**Provided material**
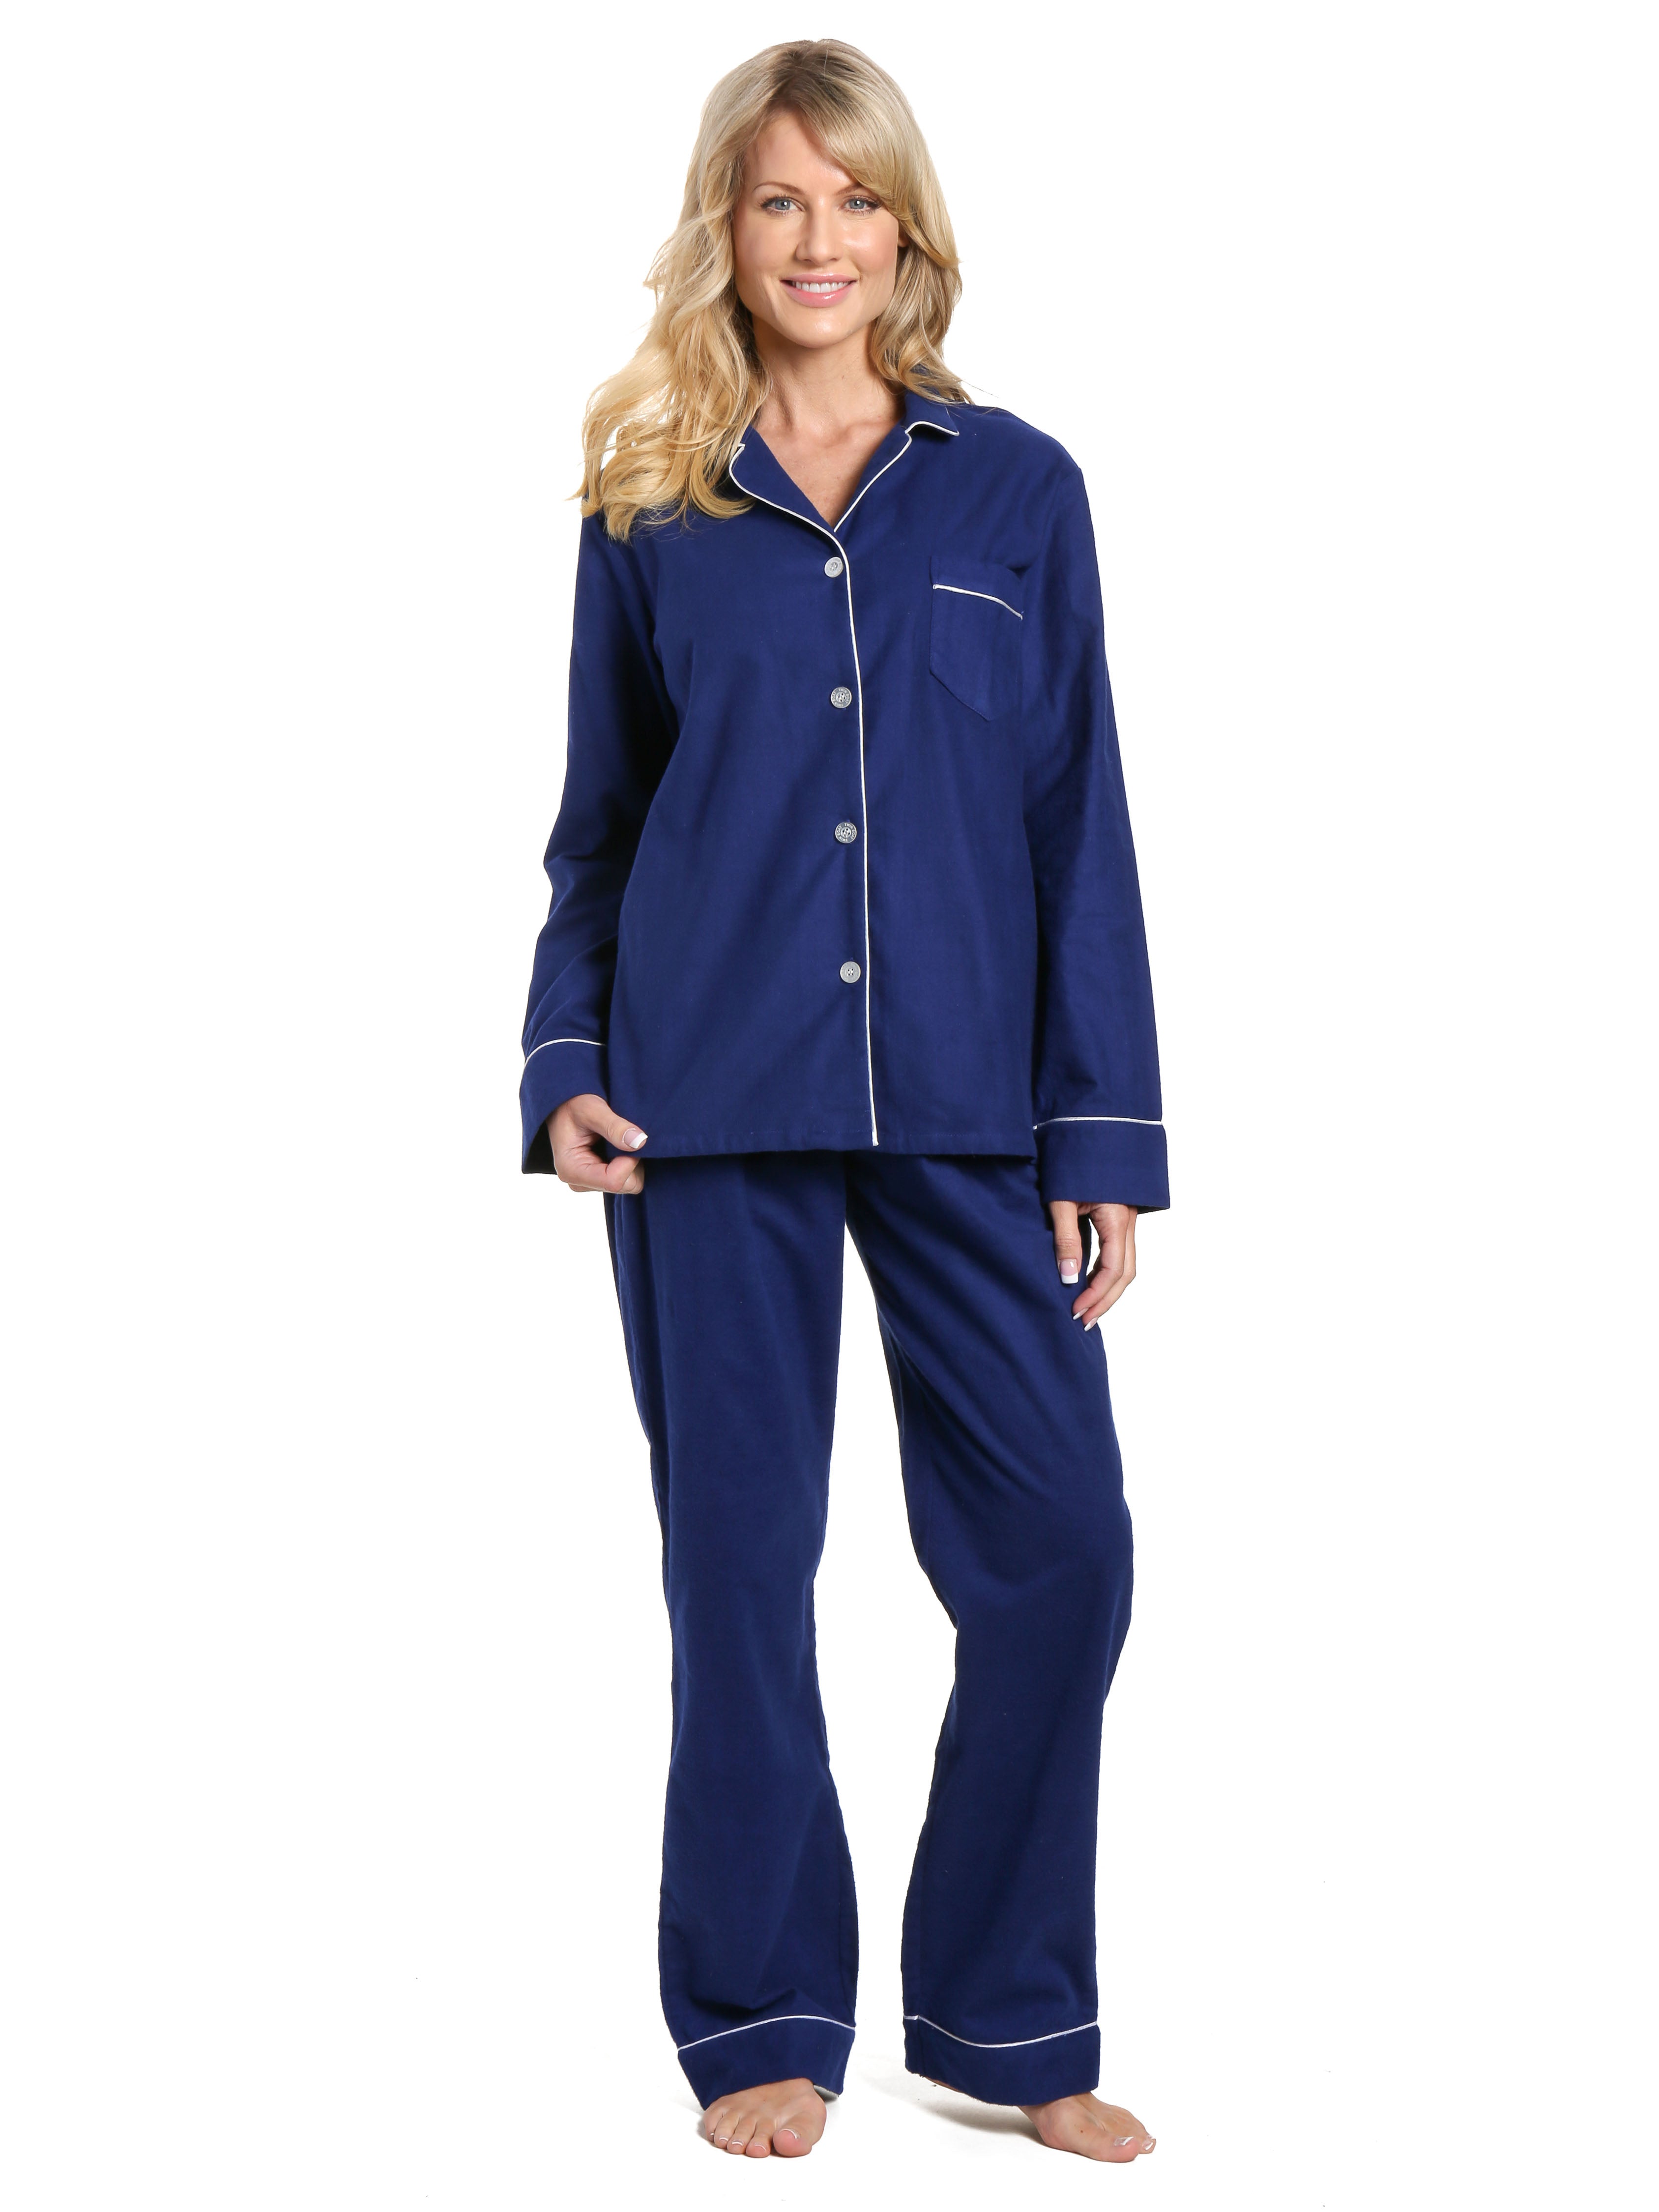 Women's 100% Cotton Flannel Pajama Sleepwear Set - Midnight Blue
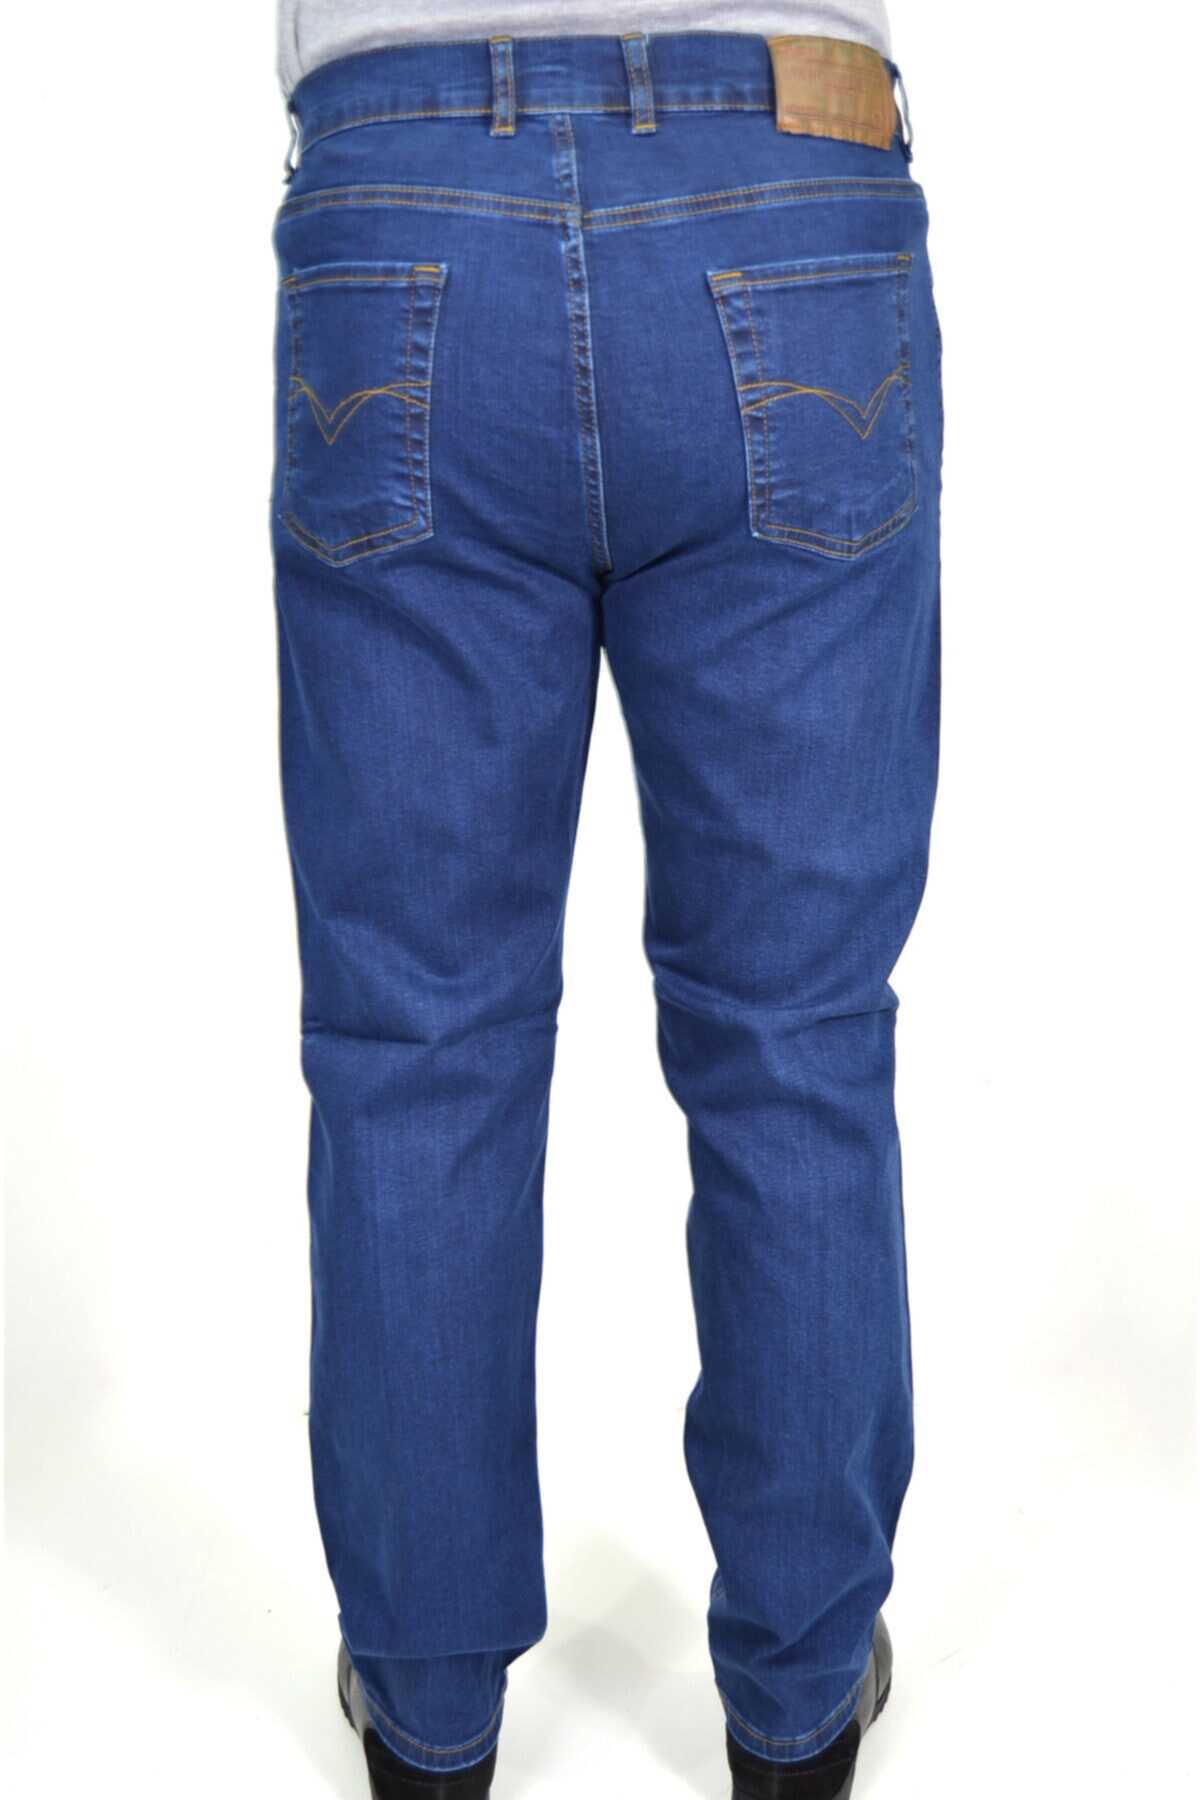 شلوار جین مردانه سایز بزرگ فاق بلند آبی تیره برند ds danlıspor
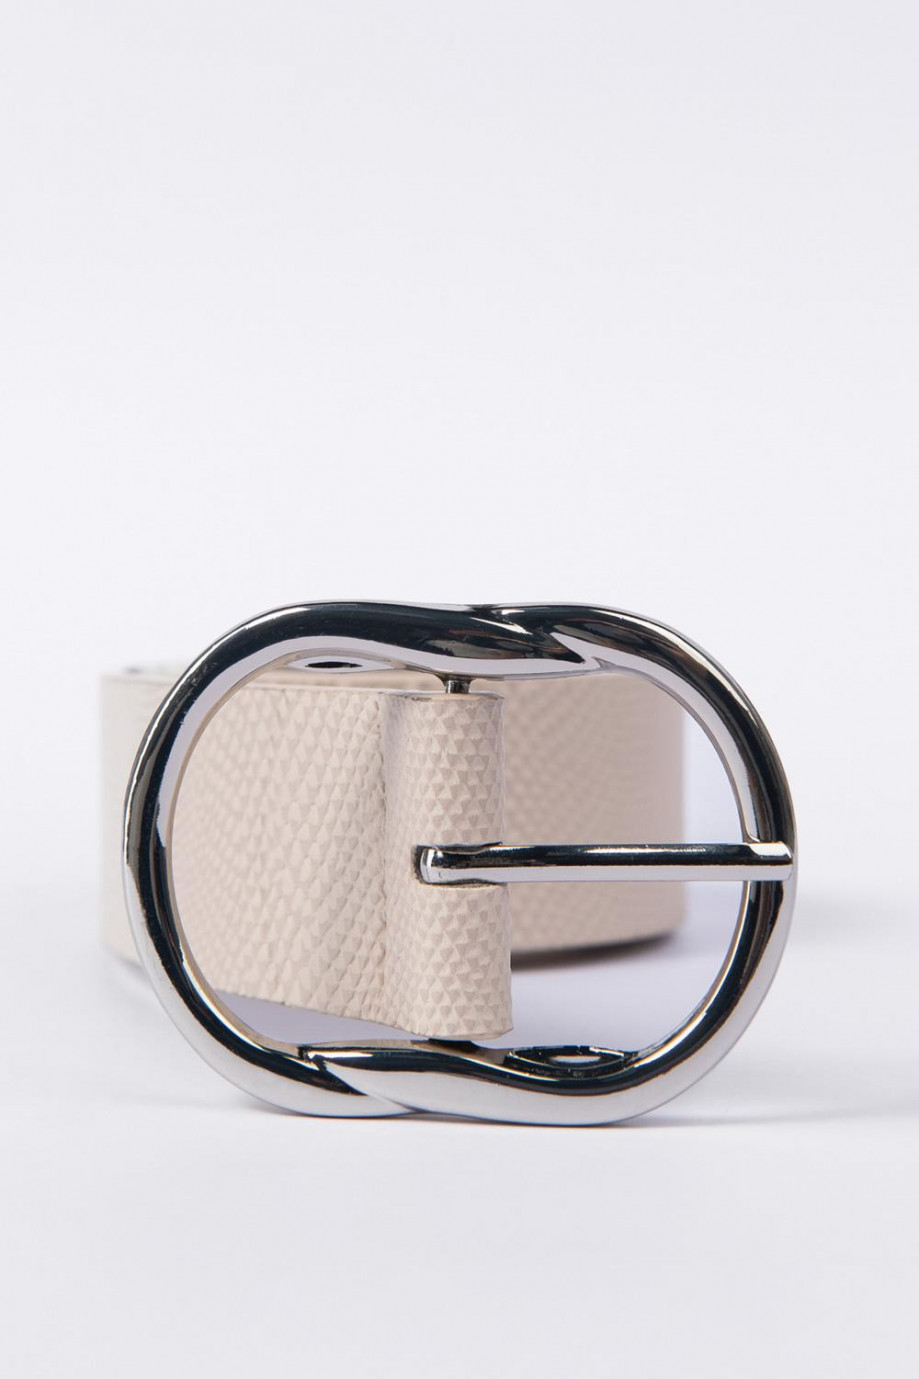 Cinturón crema claro con texturas y hebilla plateada metálica

**Exercise description**
Reproduce the full listing faithfully, but do not carry over any pictures.

**Completed exercise**
 Women's 100% Cotton Flannel Pajama Sleepwear Set - Midnight Blue
 شلوار جین مردانه سایز بزرگ فاق بلند آبی تیره برند ds danlıspor
 Cinturón crema claro con texturas y hebilla plateada metálica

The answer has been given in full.